Wednesday, August 1, 2007

August 1st Log

1946, Michael Powell / Emeric Pressburger, United Kingdom
Repeat Viewing, DVD

What a wonderful film this is! Classic, romantic intelligent, charming, imaginative, and absolutely lovely! Made in one of the greatest years in film history and by two of British's most legendary filmmakers: Michael Powell and Emeric Pressburger. Together they collaborated on almost 20 films, and to me, this is their finest. This is really a very simplistic fantasy story, but Powell and Pressburger extend it beyond the heights of standard filmmaking and into a magical world of ambitious vision, fairy tale, and beauty. The dialogue is wonderful and the film features glorious and vibrant Technicolor cinematography (earth) contrasted with sharp black and white (heaven). There is also some fabulous performances (notably by David Niven as Peter Carter) and strikingly inventive and creative visual techniques that Powell and Pressburger explore. Some of the originally intended themes (wartime propaganda) of the film (particularly within the trial sequences) is dated, but the true core and appeal of this classic film is undeniable, as it transcends far beyond it's narrative or themes. A Matter of Life and Death is a film that has the magical power to lift the viewer and carry them away into it's emotionally involving and visually beautiful world of sheer imagination and romance. "We won. I know darling."
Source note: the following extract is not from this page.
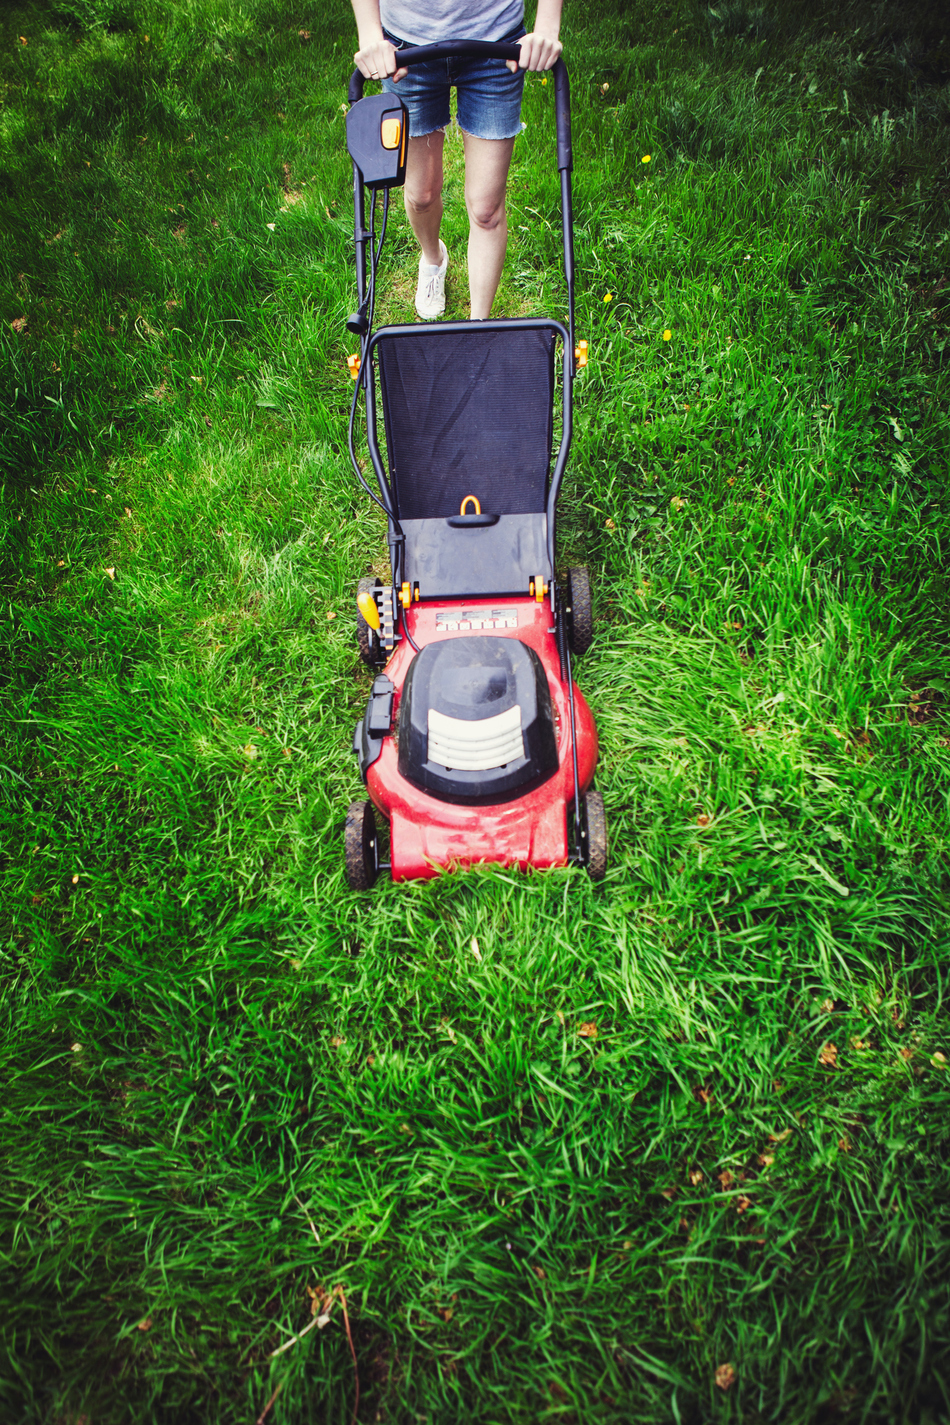 Safety Tips for Lawn Mowing

2006, Finn Taylor, United States
1st Viewing, DVD

Writer-director Finn Taylor follows up his sleeper hit success with his third film The Darwin Awards. I did not like this film, but like Cherish I can see this being a sleeper indie success and Taylor is likely to gain a small cult following. To me The Darwin Awards problems lie in the writing, which come off as far to contrived to work as either dark satire or witty screwball comedy. The film centers around The Darwin Awards (, which “honour people who ensure the long-term survival of the human race by removing themselves from the gene pool in a sublimely idiotic fashion.” On paper this could work as a comedy, but the film is executed poorly, as it tries to blend some sort of mockumentary style within the fictional narrative. It only ends up make the film irritating and contrived for occasional cheap laughs. The film features a well known cast and the performances are not bad (the smaller roles such as those from Robin Tunney and Juliette Lewis stand out as most memorable).